# NEF handi-rifle barrel repair



## sunnydaleslim (May 10, 2008)

Has anyone ever had a barrel repaired/refurbished that had wear on the lug to the point it fit too loose on the receiver? If so who did it and what was the cost? Just wondering if it is more economical to just get a new barrel. Any information will be appreciated.


----------



## gdog25 (May 10, 2008)

Howdy- check here on the NEF section for all the info you might need:  http://www.go2gbo.com/forums/index.php

Most likely you would want to ship it back to the factory for fitting. I  don't know if you bought the gun new or not but the barrel should have the last 3 numbers of the frame's serial number on it. If it is fitted to the receiver at the factory that is what they do.

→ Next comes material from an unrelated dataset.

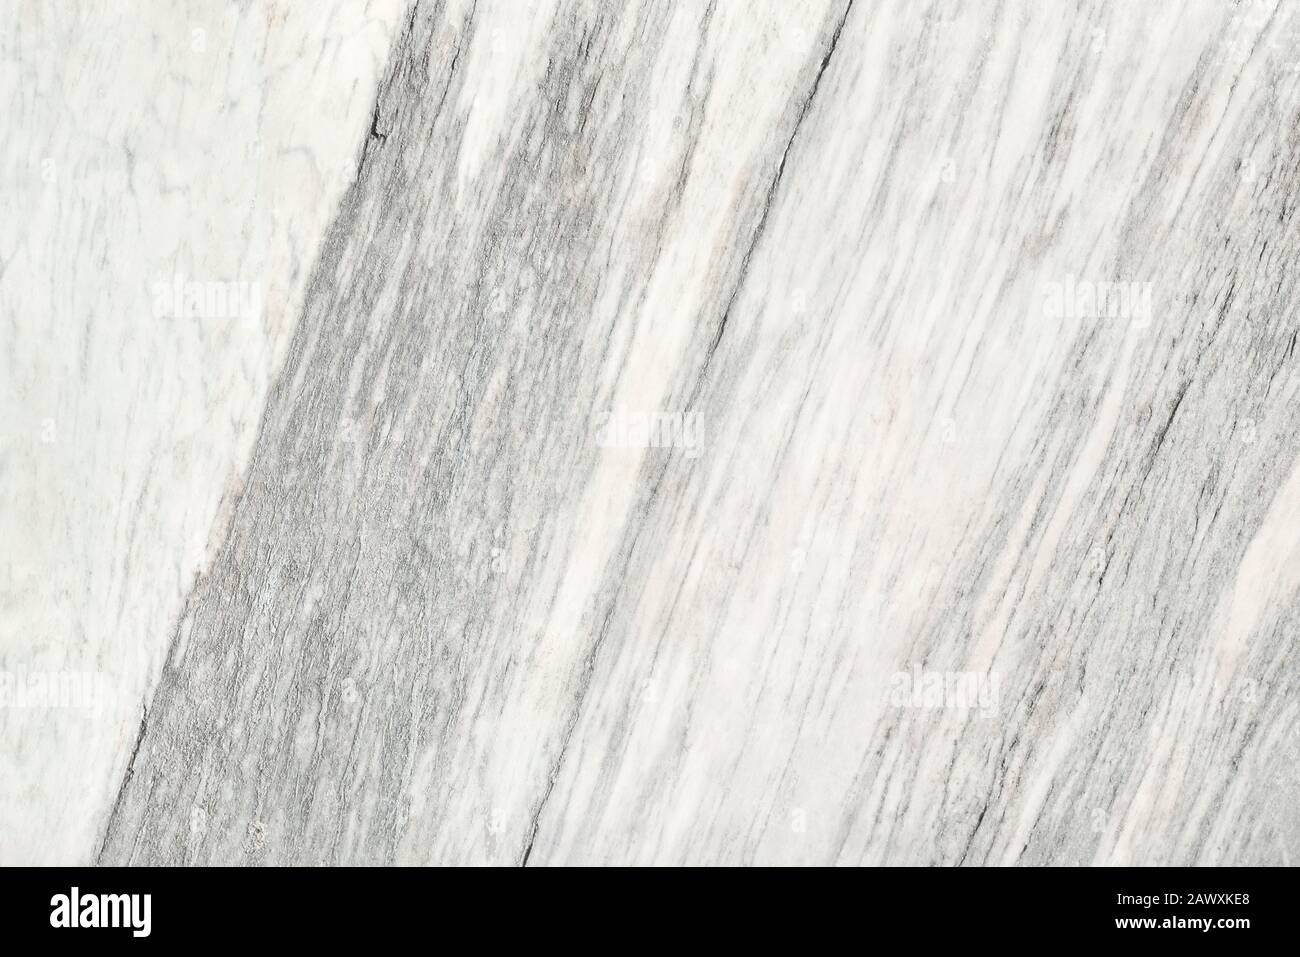 Calcare Beige simili a quelle del marmo superficie naturale per il bagno o la cucina il ripiano del bancone. Alta risoluzione texture e pattern. Foto Stock

Contrary to what you might hear, the barrels on these guns must be fitted to a specific receiver. They do not interchange like a T/C. Not saying this applies to your case, but I wanted to mention it for the sake of anyone that has a NEF bought used. If the barrel is not properly fitted, you can have some nasty headspace issues which can result in some nasty head/face issues.


----------



## sunnydaleslim (May 10, 2008)

Thanks. That pretty much answers my question. I do not have the receiver for this barrel. I read some of the stuff on gbo about how to tighten up a loose barrel but didn't get/see the part about it having to be a factory mate to the receiver. The barrel was given to me so I am not out anything but I suppose I will scrap the idea of having it fitted to one of my receivers. If anyone out there can think of a use for this barrel I will be glad to pass it on.


----------



## frankwright (May 10, 2008)

What kind of barrel is it?

many,many NEF aficianados fit barrels to their own recievers. If it was not being done you would not see so many barrels being sold on GB Outdoors. It is fairly easy to do and the instructions and safety concerns can be found on that site.


----------



## DS7418 (May 10, 2008)

pm-sent


----------



## sunnydaleslim (May 10, 2008)

PM returned and thanks for the comments. It is a 308 barrel and I already have one that was factory fit to one of my receivers. I have an old friend who does some custom gun work. He has agreed to look at it and see if he thinks he can fit it for me. I have 3 receivers and it is loose on all of them so it will have to be shimmed or the lug built up and machined back down.


----------



## DS7418 (May 10, 2008)

I think they can fixx it and it will be ok,, but just in case you want to sell it,, let me know.
Thanks
Dewayne


----------